There was a significant Drug x Day interaction, F(6,276) = 12.23, p < .0001. Figure 1 shows this interaction to be due to a steady decline in activity in the PHNO group over successive days, following an initial increase in activity on Day 1. By Day 7, the activity level of the PHNO animals approached that of the vehicle animals, whose locomotor activity remained relatively constant over the same period (Figure 1). Nocturnal activity for PHNO- and vehicle-infused animals over the 8 nights following pump implantation is shown in Figure 2.

Click to enlarge

Fig. 2: Mean hourly locomotor photocell interruptions over the 12-hour nocturnal period (18:30-6:30 hours) for rats treated with continuous infusions of PHNO (0.005 mg/h) or vehicle (n = 24 per group). Locomotor activity in the PHNO group gradually increased from the Night Before Surgery (NBS) while activity in the vehicle group remained relatively constant after Night 2. Error bars represent the critical difference between means for the multiple F-test (p < .05).

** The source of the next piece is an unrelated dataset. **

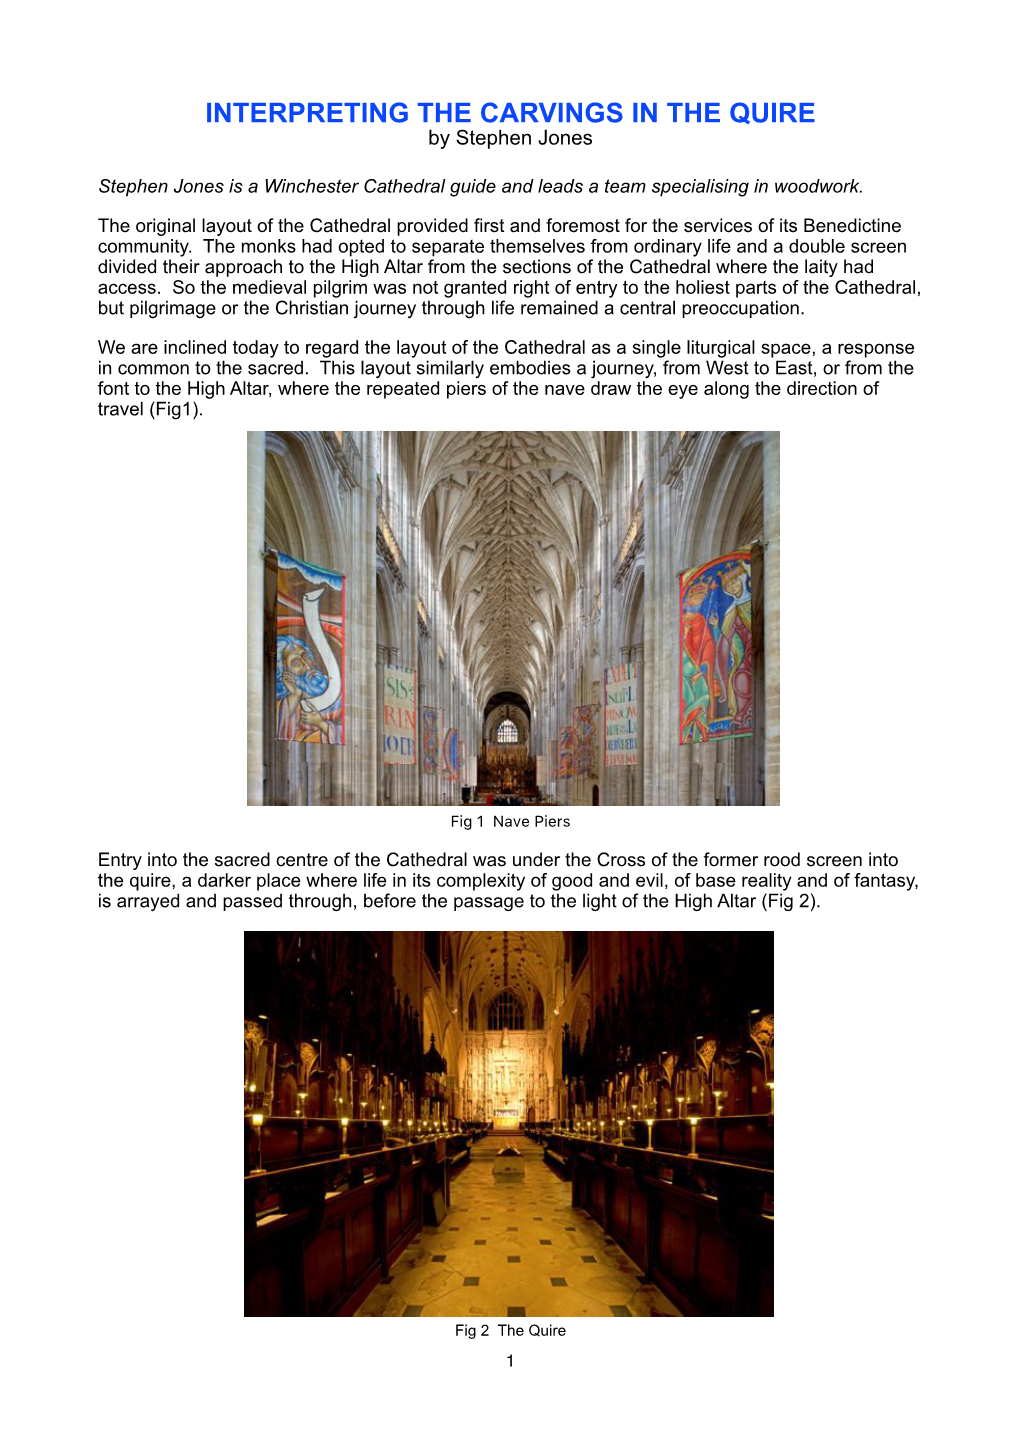 INTERPRETING the CARVINGS in the QUIRE by Stephen Jones

A significant Drug x Night interaction, F(7,322) = 6.13, p < .0001, is due to a gradual augmentation of activity level in the PHNO-infused animals over successive nights but a relatively constant level of locomotion in vehicle-infused animals after Night 2 (Figure 2). The difference in activity levels of PHNO- and vehicle-infused animals for a two-hour period of stress and for the two-hour period preceding stress is shown in Figure 3.

Click to enlarge

Fig. 3: Mean diurnal locomotor activity during a two-hour period of stress due to housekeeping (stress) and the two-hour period preceding stress (no stress) for rats given continuous infusions of PHNO (0.005 mg/h) or vehicle (n = 24 per group). While stress caused an increase in locomotor activity in both groups, the increase in the PHNO group was significantly greater than the increase in the vehicle group. Error bars indicate the critical difference between means for the multiple F-test (p < .05).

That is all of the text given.